FePhyFoFum / phyx

phylogenetics tools for linux (and other mostly posix compliant) computers
blackrim.org
GNU General Public License v3.0
111 stars 17 forks source link

enforce multiple-of-3 for aa2cdn &pxtlate, but also add option to "ignore extra junk" #146

Open josephwb opened 3 years ago

josephwb commented 3 years ago

Found investigating #143. pxaa2cdn won't work if nucleotide sequence lengths are not a multiple of 3 (codons). However, pxtlate will translate as much as it can, and just disregard any "extra" nucleotides. Basically, I was unable to construct an example dataset for pxaa2cnd by using pxtlate, which is worrying,

Seems like both programs should share a policy: either enforce multiples of 3 in a draconian manner, or be chill and let what ever get passed through.

I like the "force the user to use good data" route, but do not do this enough to know how often nuc seqs will have "extra" nucleotides. And from working on the pxaa2cdn example I know how much of a pain it can be to wrangle seq lengths.

I guess @jfwalker would be the best to decide which policy above is most appropriate.

jfwalker commented 3 years ago

@josephwb I feel like this is something we talked about like 5 years ago and decided that it didn't need to be in multiples of three, but now I pretty strongly feel like it should. With all the automated pipelines that exists, the more checks the better.

josephwb commented 3 years ago

Thank you @jfwalker.

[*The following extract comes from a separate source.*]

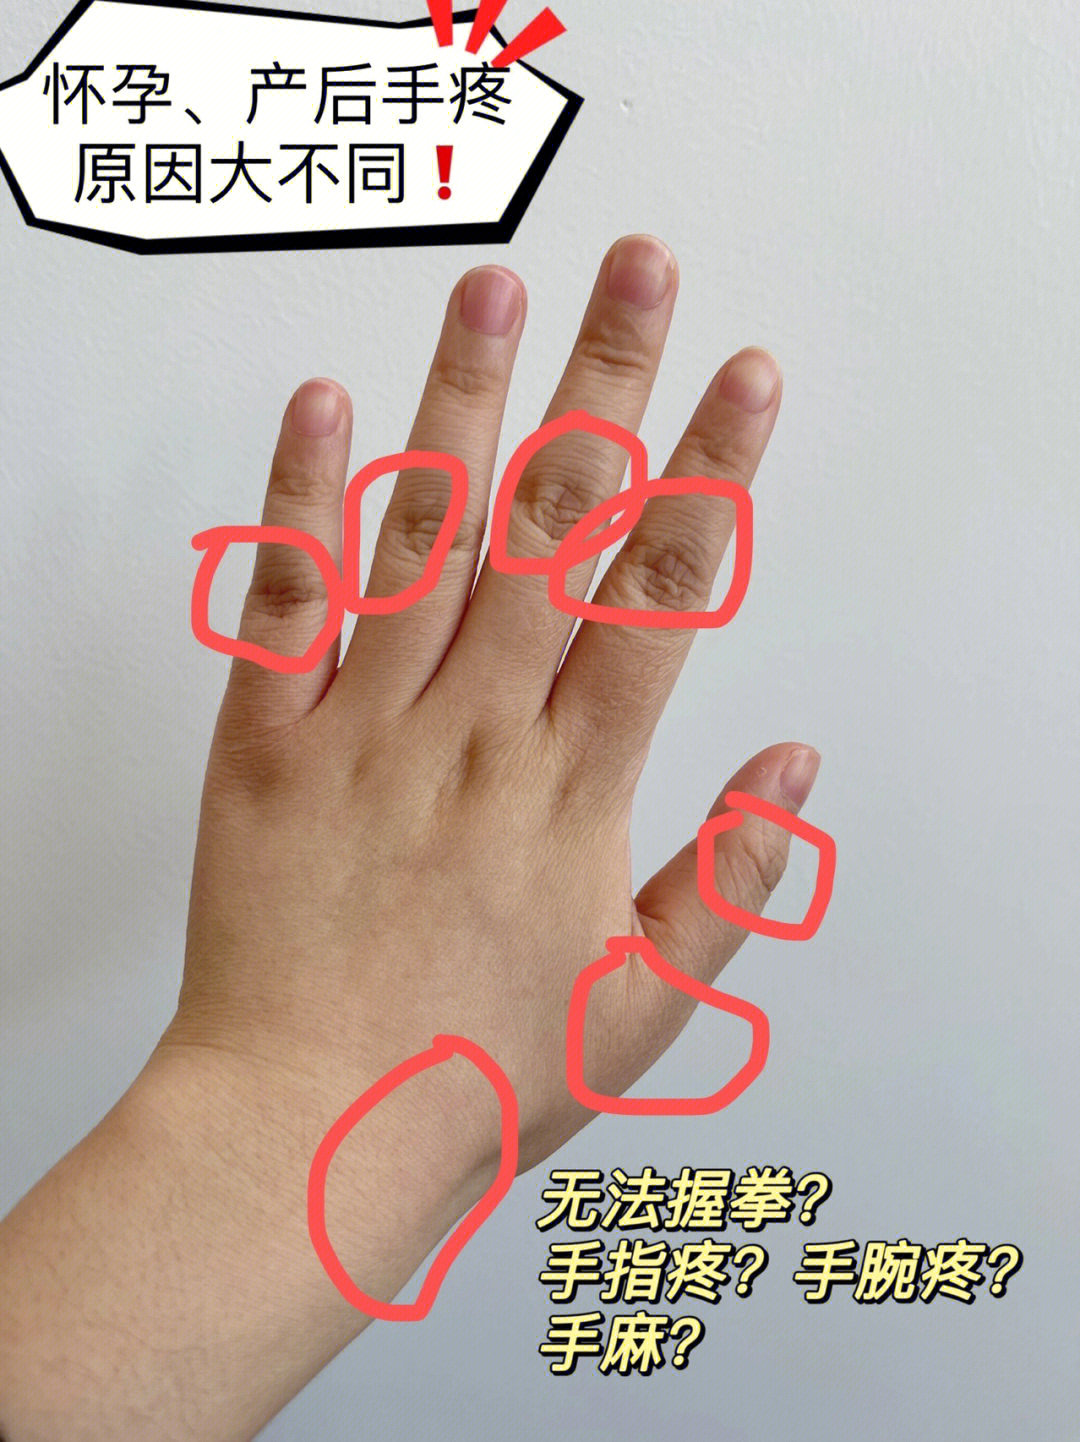 9799主要症状:手腕痛,手指手掌麻木,手指关节痛等

I will put an enforced check. If necessary, I can put in a -f --force do-it-anyway option for both.

josephwb commented 3 years ago

Should also consider removing terminal (stop) codons here, as they can be a pain.

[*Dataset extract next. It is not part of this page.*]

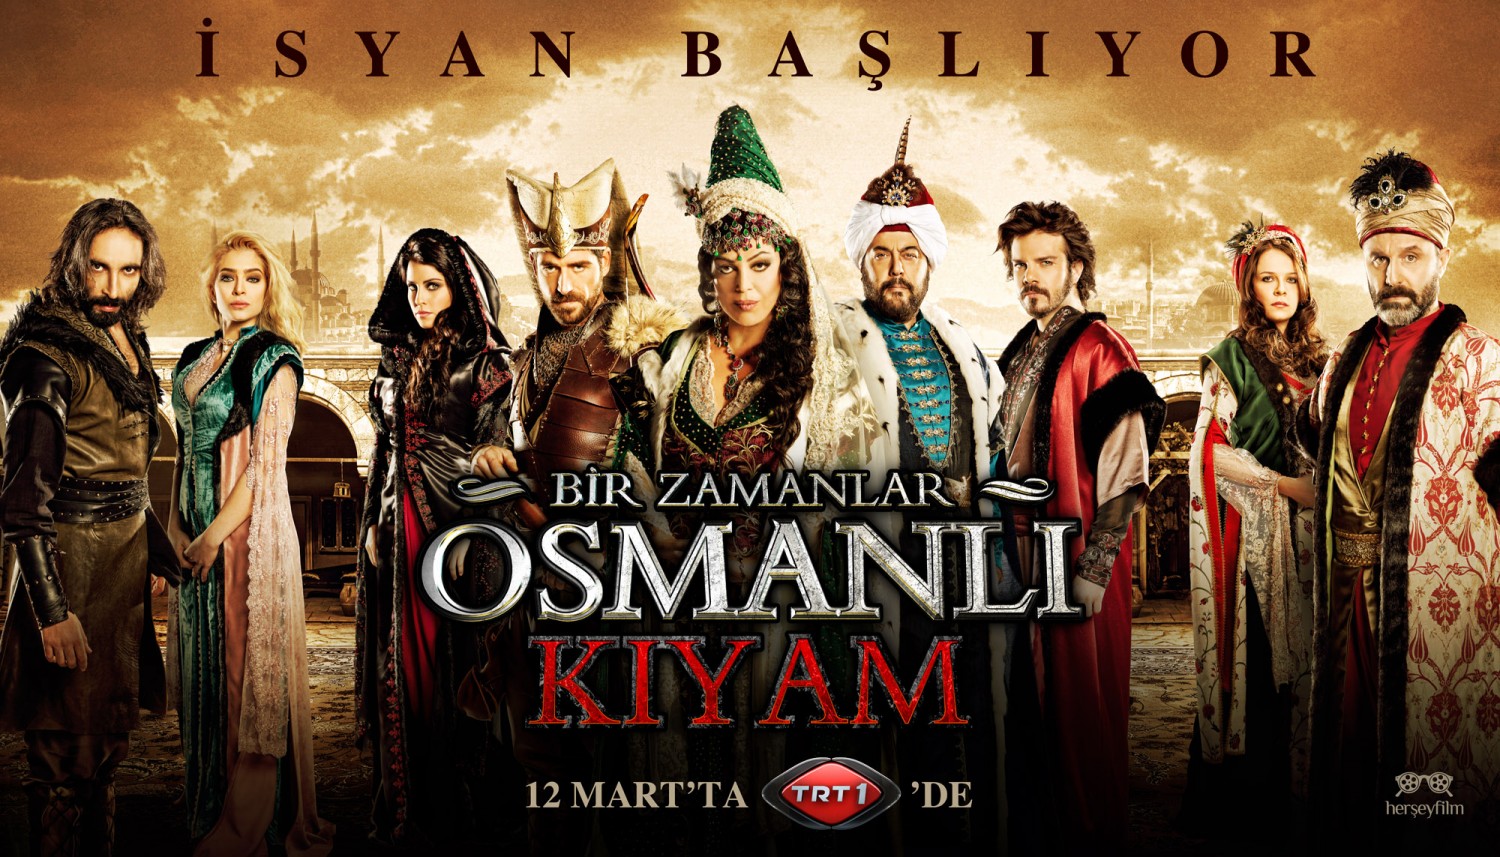 Extra Large TV Poster Image for Bir Zamanlar Osmanli Kiyam (#11 of 26)

jbernot commented 2 years ago

+1 for "remove extra junk" option. I would love that feature. I am running into cases were "nucleotide alignment involves 191 codons, but protein alignment involves 190 amino acids. Skipping" In my cases, it is a leading codon that is absent in the AA alignment. I would love if it was possible to ignore the missing leading codon and output only the 190 codons that correspond to the 190 AA.